Positive comments about trade negotiations with China from the White House on Thursday and Friday sent the equity markets on a tear at the expense of bonds. Rates rose as optimism for a trade deal increased. The markets seem to think at least a partial trade deal may be in the works this time. If a deal is inked, it will be an ongoing positive for stocks and will certainly push interest rates higher.
Earlier in the week, the Fed Chairman spoke about his committee’s view on the economy. While the Fed sees the economy slowing, for the moment there are no signs of a recession on the horizon. The Fed reiterated it will do whatever necessary to keep the economic expansion going.
Mortgage rates have also risen this week. As we have written previously, our position continues to be that loans should be locked in when the 10-year Treasury is below 2.00%. We continue to hold this view, especially as the 10-year Treasury yield has moved off of 1.500% and is trading near 1.800%.
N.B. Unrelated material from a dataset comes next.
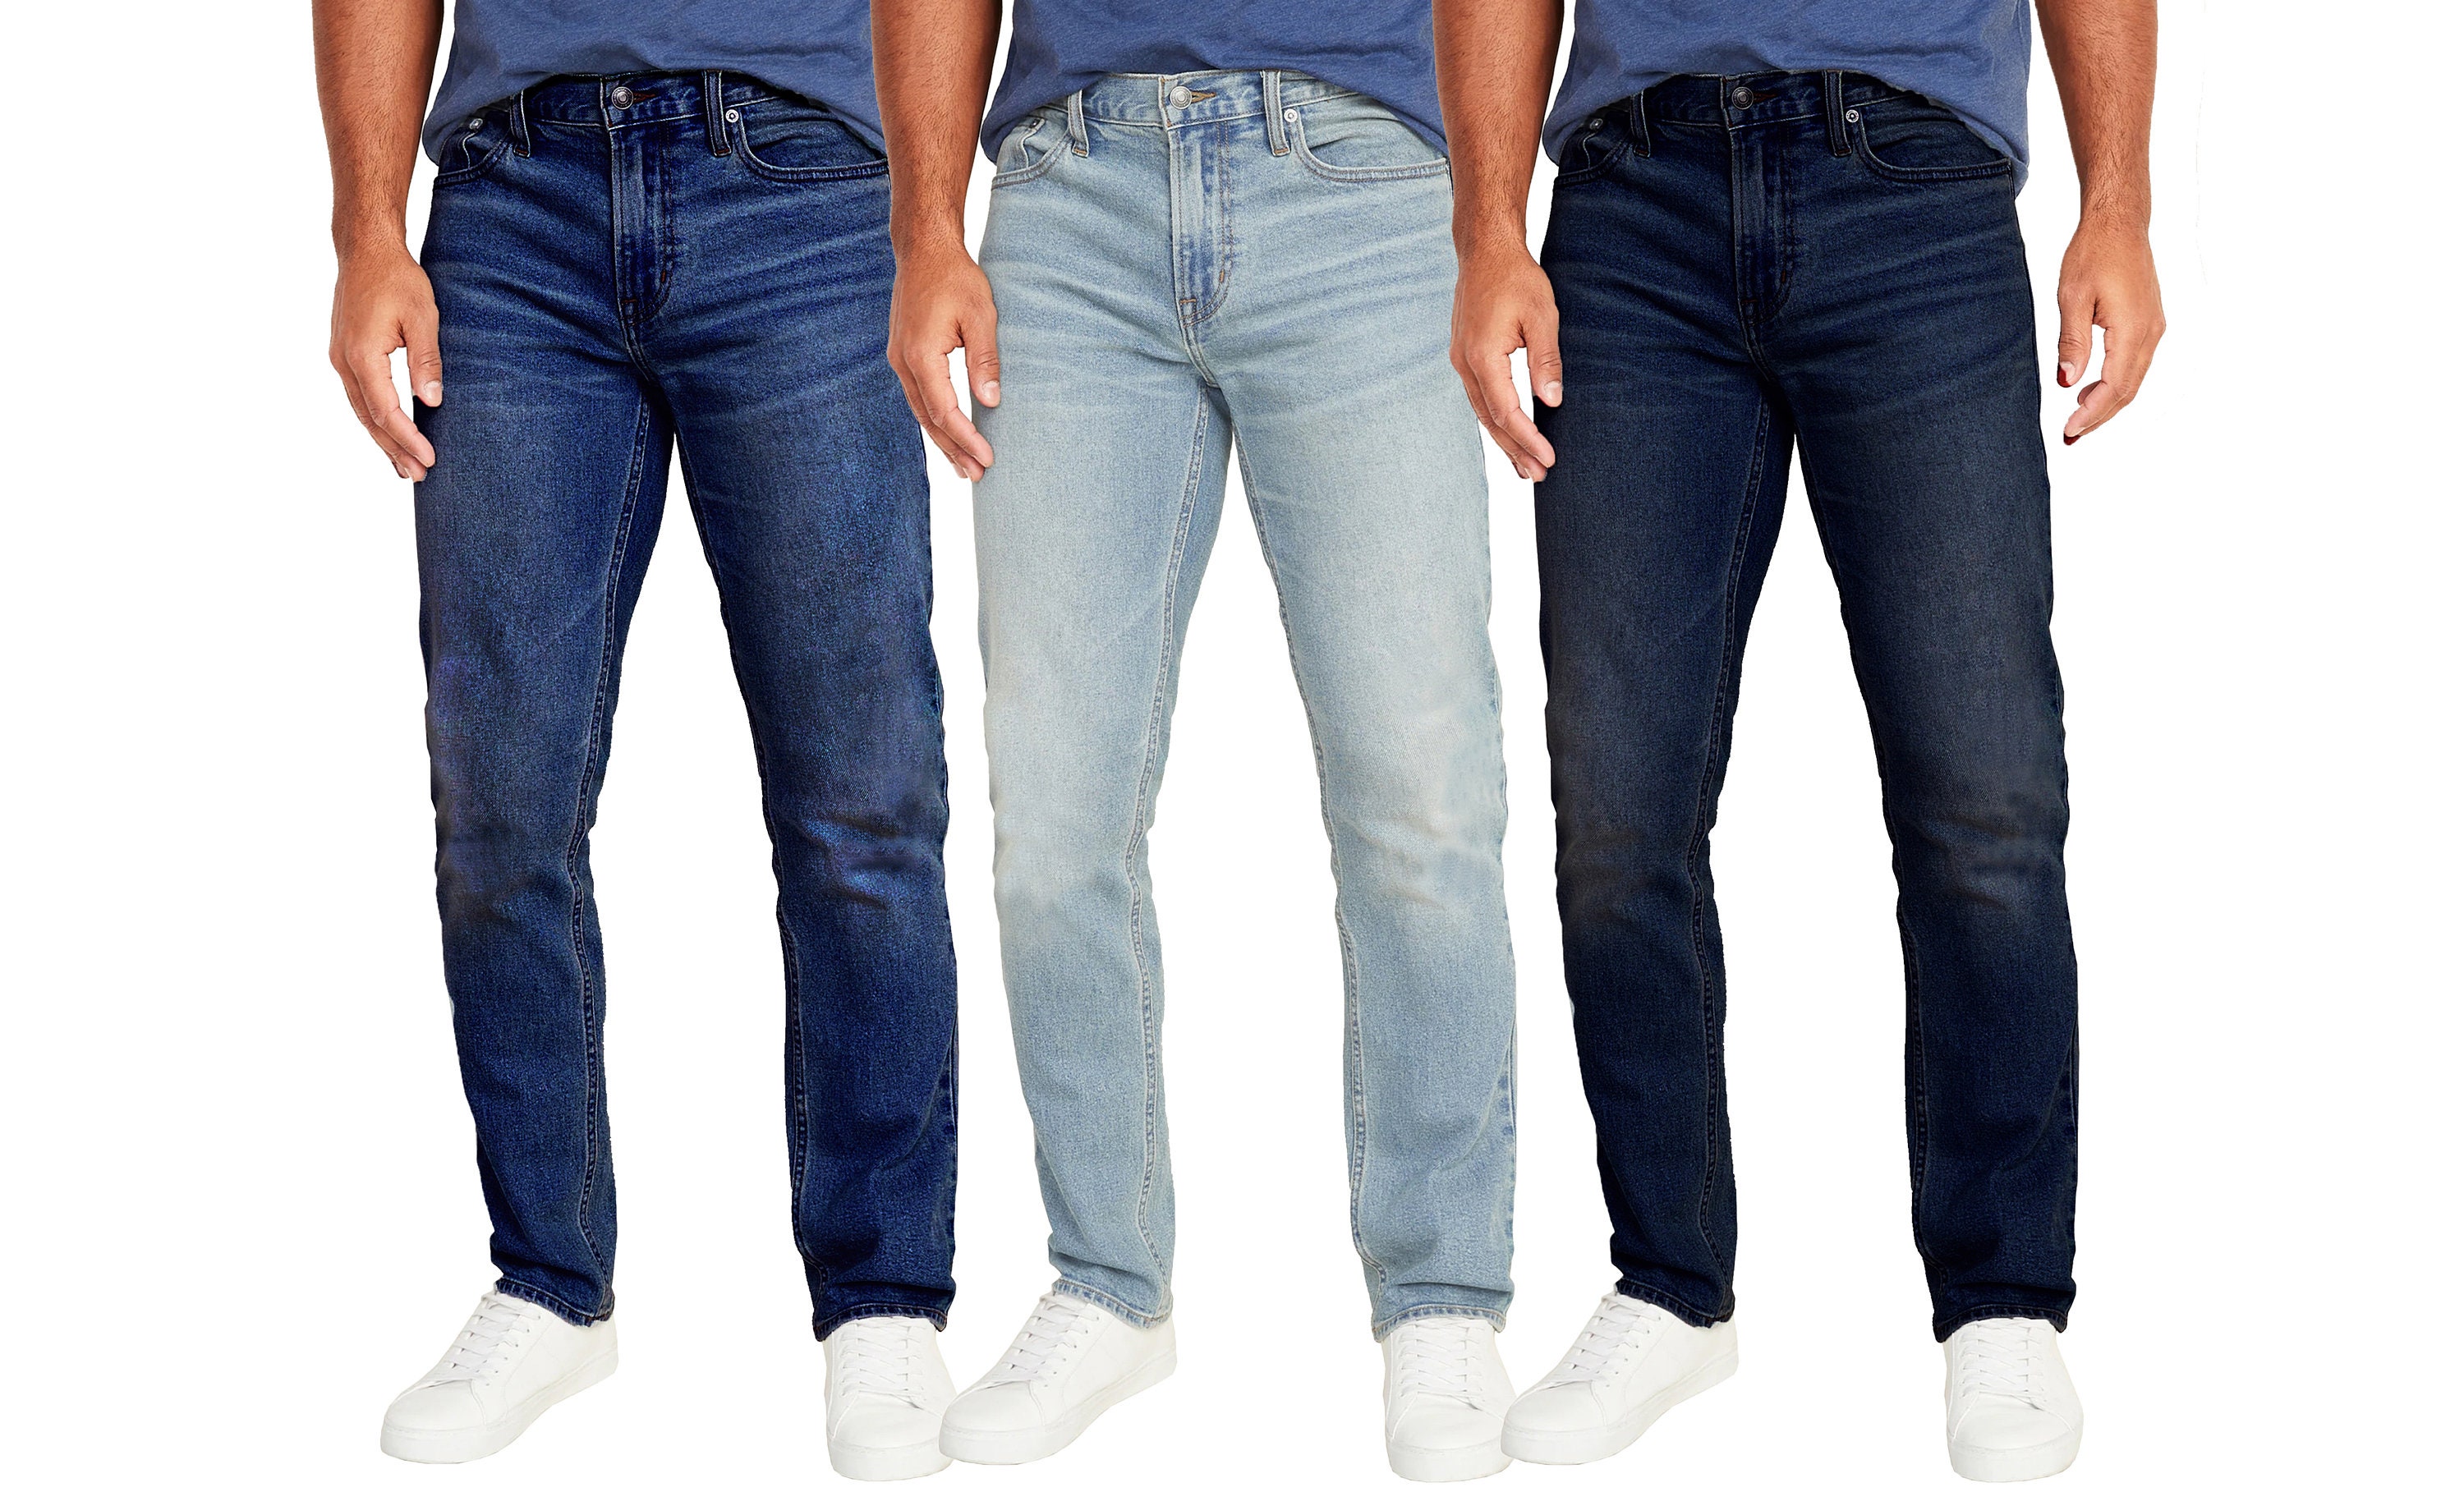 Printed Denim Pants - Men - Ready-to-Wear

The “Sell in May and Go Away” theory is on full display as stocks endure a tough week of trading to the benefit of lower bond yields. The main culprits are ongoing trade tensions with China and strong rhetoric from President Trump concerning Mexico. The U.S. will begin imposing tariffs on Mexican goods coming to the U.S. until Mexico applies stricter measures to help halt the illegal immigration crisis. This surprised the market on Thursday. Adding to the volatility is a slower growing global economy, negative interest rates on German and Japanese government debt, and fears of a potential recession. All of these factors have helped push U.S. Treasury yields to a many months low even against the backdrop of strong consumer confidence, a 3.1% GDP 1st quarter reading, and a fairly decent first-quarter earnings season. For the moment, it certainly is a tale of two stories with the “fear trade” winning.
Mortgage rates are also benefiting from lower rates and low inflation readings, but not as much as U.S. Treasuries. We continue to advise borrowers to take advantage of this very low rate environment as it would not take much to push yields higher should some positive comments come out of Washington or Beijing concerning trade talks.
Bond yields dropped precipitously and global stocks were volatile as tensions rose over the U.S.-China trade talks, which has dampened investor expectations of a near-term resolution between the world’s two biggest economies. Further pushing yields lower was the ongoing Brexit non-resolution which has forced Theresa May’s resignation. Finally, Europe continues to stall under a huge debt burden and the unintended consequences of negative bond yields which have done little to spur economic growth.
The U.S. economy remains strong, so part of the low-interest rate story has to do with how low bond yields are across the pond and in Japan. Many European bonds trade at or below zero. With unemployment near a 50-year low, tame inflation readings are the other major story that has placed a ceiling on domestic yields. Bonds traded this past week at a near a 17-month low.
Housing has rebounded from a poor 4th quarter, but high prices continue to weigh on prospective buying decisions. Locally, our own real estate market has seen a strong increase in applications as the busy season is upon us and interest rates on multiple product types are very attractive.
With the 3-month 10-year Treasury curve inverting, we will continue to monitor the bond market closely for recession clues. A prolonged inversion of short-term against long-term yields is a respected indicator of a looming recession. However, for the moment, we believe the U.S. economy is performing well and interest rates this low should be locked-in at these levels; the 10-year Treasury is trading under 2.30% as of Thursday, May 23, 2019.
U.S. consumer prices rose moderately in April but less than expected. Low inflation readings will keep a lid on bond yields, as well as reinforce the Fed’s position keeping short-term lending rates unchanged for the rest of the year. With inflation in check, some are opining for the Fed to lower interest rates. We tend to disagree and believe a wait-and-see position by the Fed is wiser, as there are some indicators that inflation may pick up and that ultimately these low inflation readings may be transitory.
In other important news, trade talks fell apart this week with China. This resulted in higher tariffs being placed today on Chinese goods imported into the U.S., which will likely lead to retaliation from China sometime in the near future. How these negotiations go is anyone’s guess, but the consensus is that a deal will be struck eventually. However, there is always a chance that negotiations could fall apart and a full-blown trade war will occur, or that these negotiations will drag on much longer than expected. Those fears, while remote, have helped push long-dated treasury bonds lower in what is known as a “flight to quality.” The trade tensions also dented equities this week as analysts reassess the effects of ongoing trade tensions on future economic growth and corporate earnings.
Low rates do benefit our borrowers and have spurred both a good home buying season, as well as our clients who have refinanced into lower rates. With the 10-year Treasury note trading under 2.500%, we remain biased toward locking in interest rates. Should the U.S. strike a trade deal with China, we could easily see rates move up from here.